Вскоре они продолжили прерванный разговор. Они мылись, не залезая в лохань, кожа на спинах была белой, с сильными мускулами. Судя по говору и манерам, это были городские люди.
– Как звали самурая из дома Ягю?
– Кажется, Сода Кидзаэмон.
– Ягю, вероятно, не так хорош, как гласит молва, если послал вассала с отказом от поединка.
– Если верить Соде, Сэкисюсай удалился на покой и ни с кем не сражается. Интересно, это правда или простая отговорка?
– Не похоже на правду. Узнал, что второй сын из дома Ёсиоки бросил ему вызов и решил поберечься.
– Во всяком случае, он учтиво прислал фрукты и осведомился, как мы устроились.
Услышав фамилию Ёсиока, Мусаси открыл глаза. В школе Ёсиоки он краем уха слышал, что Дэнситиро отправился в Исэ. Эти трое, похоже, возвращаются в Киото. Один из них Дэнситиро. Кто же?
«Не везет мне с баней, – сокрушался Мусаси. – Сначала Осуги обманом затащила в западню, теперь я голышом нарвался на одного из семьи Ёсиоки. Он, конечно, слышал о случившемся в школе. Стоит ему узнать, что я тот самый Миямото, мгновенно бросится в предбанник за мечом».
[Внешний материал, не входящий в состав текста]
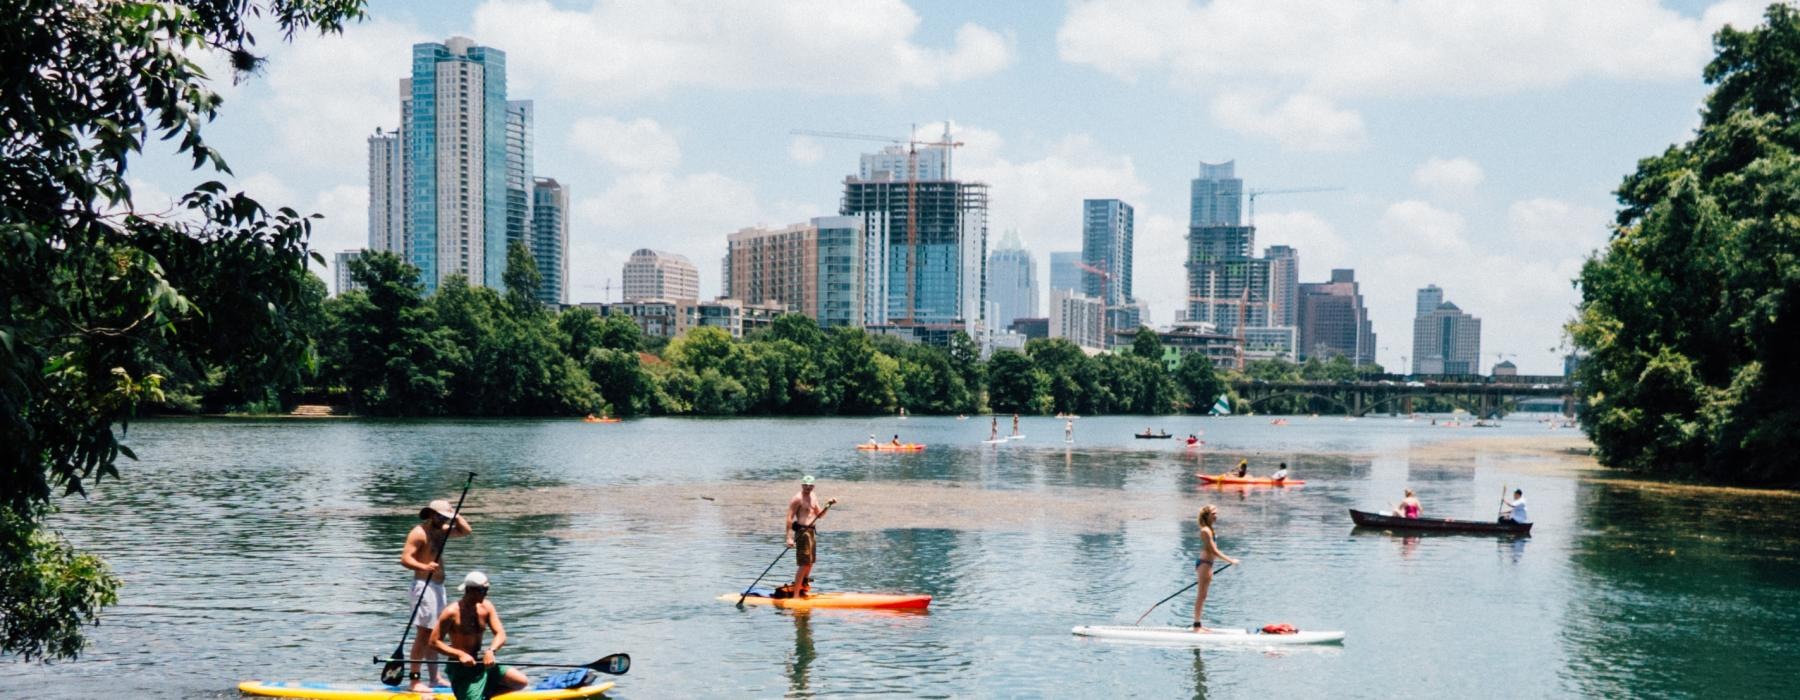 a group of people on paddle boards with a city in the background

Мужчины, однако, не обращали внимания на Мусаси. Из их разговора следовало, что сразу по прибытии в Коягю они послали письмо в дом Ягю. Видимо, Сэкисюсай имел какие-то отношения с Ёсиокой Кэмпо, когда тот был наставником сегунов, поэтому Сэкисюсай подтвердил получение письма от сына Кэмпо, послав Соду с визитом вежливости на постоялый двор. Городские юноши расценили поведение Сэкисюсая как «учтивое» и пришли к выводу, что старик «решил поберечься», что вообще он «не так хорош, как гласит молва». Юноши были безмерно кичливы. Мусаси они казались смешными. Он видел, в каком порядке поддерживается замок Коягю и как зажиточны поселяне. Молодые люди из города были горазды на одно краснобайство.
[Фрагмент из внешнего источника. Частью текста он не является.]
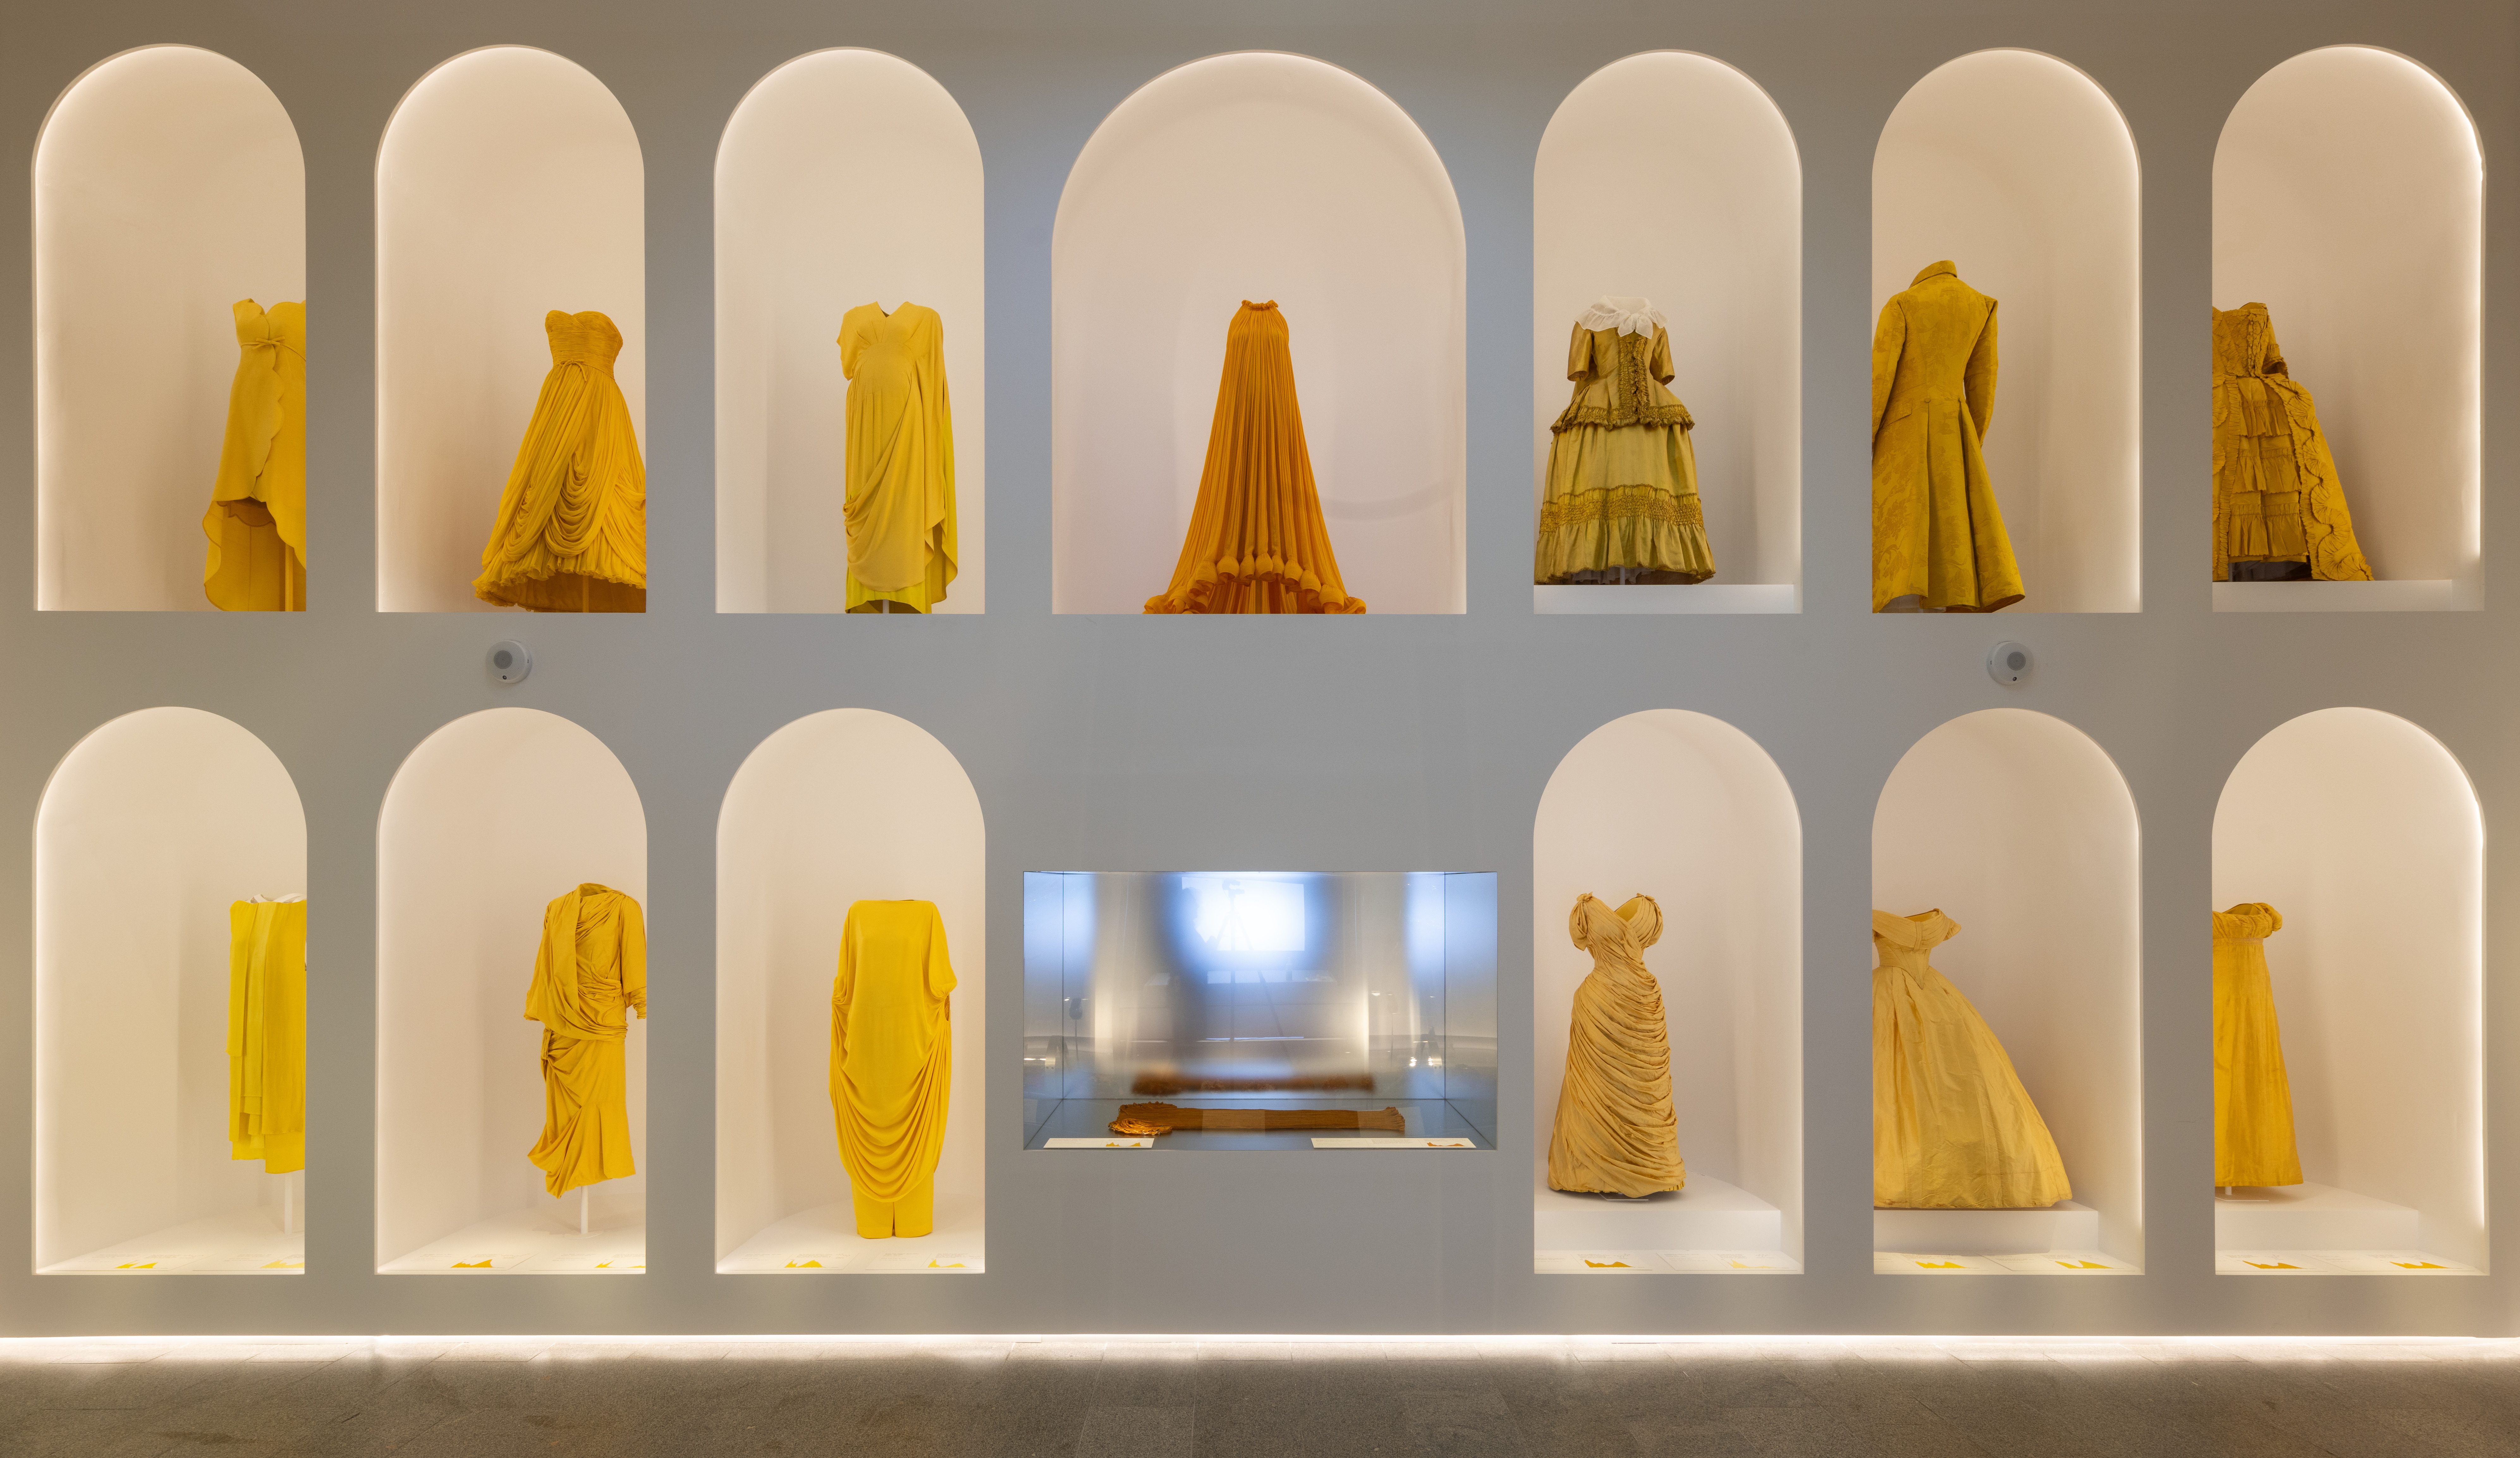 Gowns in shades of yellow and orange displayed in alcoves

Мусаси вспомнил притчу о лягушке, живущей на дне колодца и ничего не ведавшей о внешнем мире. Жизнь порой переиначивает притчу, подумал он. Лощеные обитатели Киото знали обо всем, что происходило в столице, судили обо всем на свете, они видели широкие морские просторы, но им и в голову не приходило, что в каком-то колодце растет и набирает силу лягушка. Здесь, в Коягю, вдалеке от политического и экономического центра страны крепкий самурай десятилетиями жил здоровой деревенской жизнью, храня традиционные добродетели, совершенствуя их, укрепляя свое положение среди селян.
Коягю дал стране великого знатока боевого искусства Ягю Мунэёси. Военный талант его сына Мунэнори, владетеля Тадзимы, был признан самим Иэясу. Старшие сыновья Мунэёси – Городзаэмон и Тосикацу – прославились на всю страну своей храбростью. Хёго Тоситоси – внук Мунэёси – благодаря легендарным подвигам получил доходное место у знаменитого военачальника Като Киёмасы, владетеля Хиго. Клан Ягю не мог соперничать с домом Ёсиоки в славе и престиже, но по способностям, предприимчивости Ягю теперь превзошли семейство Ёсиоки.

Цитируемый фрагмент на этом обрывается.